I had just walked out of my PR class. It was a gorgeous fall morning. Absolutely gorgeous. But the world around us had turned ugly. And I didn’t even know.
“Hey… the Pentagon … got hit.” I’d run into my friend, Abby, and she relayed the news. Just of the Pentagon. It wasn’t until I got to the Campus Union that I saw the footage. The people, amassed in front of the big screen tv next to the Caffeina Cafe.
The first tower was hit.
Then the second.
I went back to the house. I found my sister. I was crying. I called my mom on the house phone.
“What’s going on, Mom?”
“I don’t know, Ashli. We love you.”
There was more. But I can’t recall what it entailed.
It was just weird. Surreal. The whole day was full of fear. I watched as they reported that President Bush was in Omaha. NO. Please. Don’t tell the crazies that he’s in Omaha. He later recited the 23rd Psalm. The words had never meant so much to me.
I was one of the people who rushed to give blood. Not knowing it wasn’t really the best thing for the day. Because they’d be needing it for months to come.
We made a banner, because it’s what we could do … Do your part. Have a heart. Donate Blood.

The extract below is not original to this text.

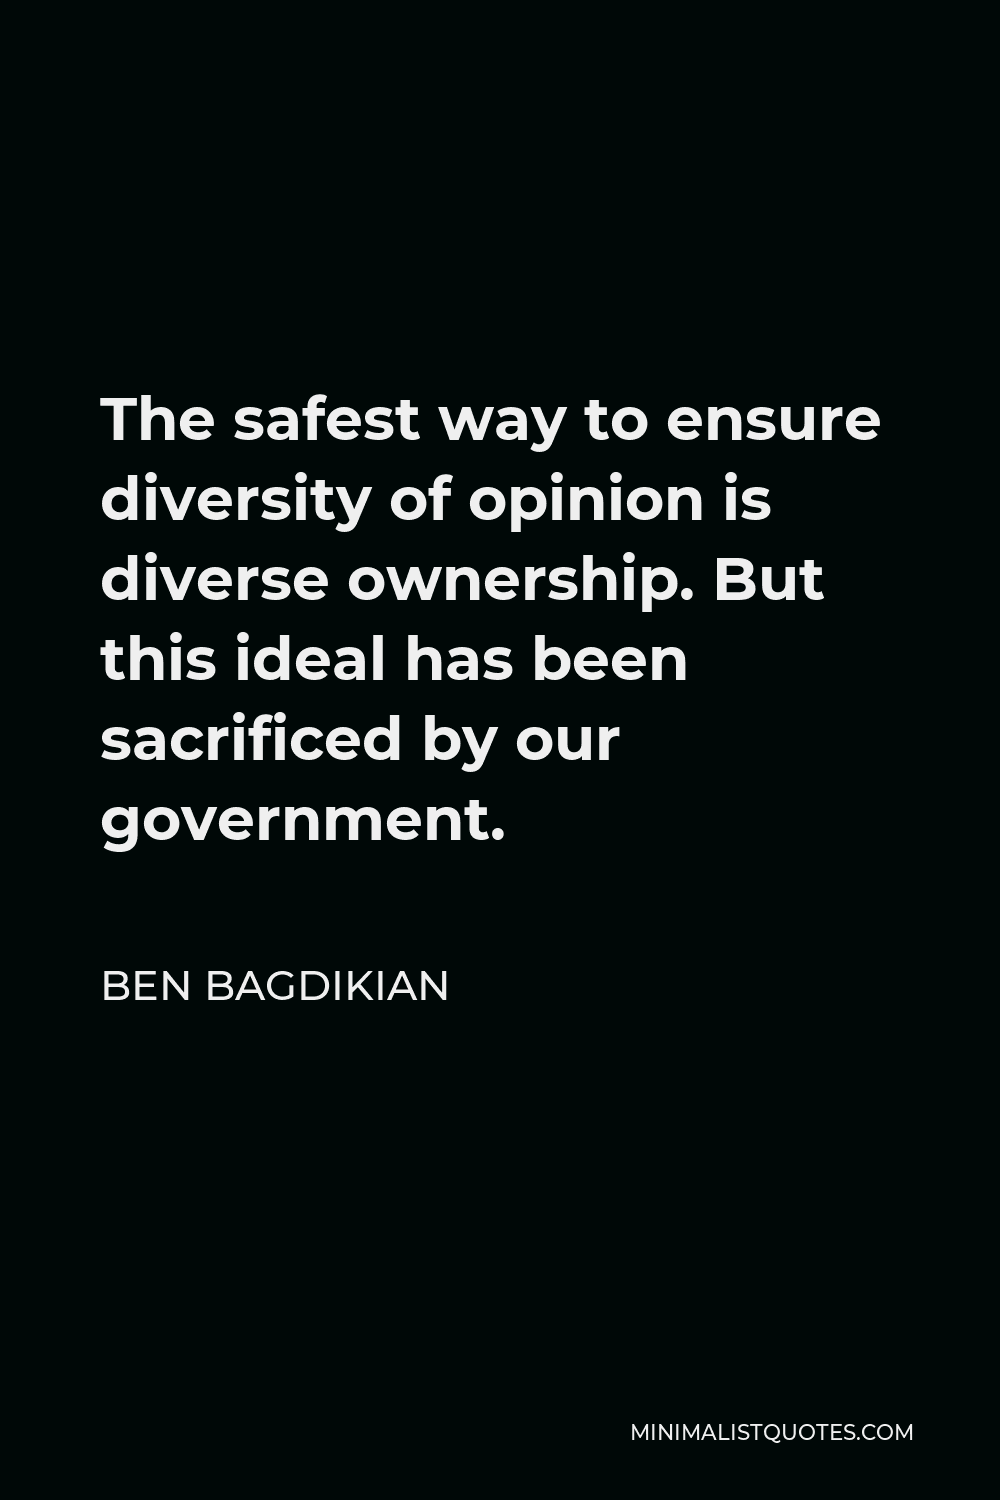 Ben Bagdikian Quote - The safest way to ensure diversity of opinion is diverse ownership. But this ideal has been sacrificed by our government.

And I couldn’t take my eyes off the coverage. All day long. I sat in the TV room with my sorority sisters. I was paralyzed with fear.
As I got into my top bunk that night. I didn’t want to close my eyes. What if tomorrow was worse? What if this was it? What if… what if… what if. And I prayed. So hard. And just hoped that tomorrow would be.
And for the first few weeks, months, year… each day was a little scary. And then we started to move past. Forget. Not forgetting the day. Where we were. But the feeling. Of being under attack. Of needing to pull together. To be one nation. United.
Every year. For the rest of my life. I will remember where I was. How I’d never been so scared in my life. How I thought it was the end of things. And how I just wanted my family. To hold them. To tell them I loved them. That, at the end, it was the people… not the things… that mattered. Just like everyone always said.
Where were you… have you forgotten? How did 9/11 change you?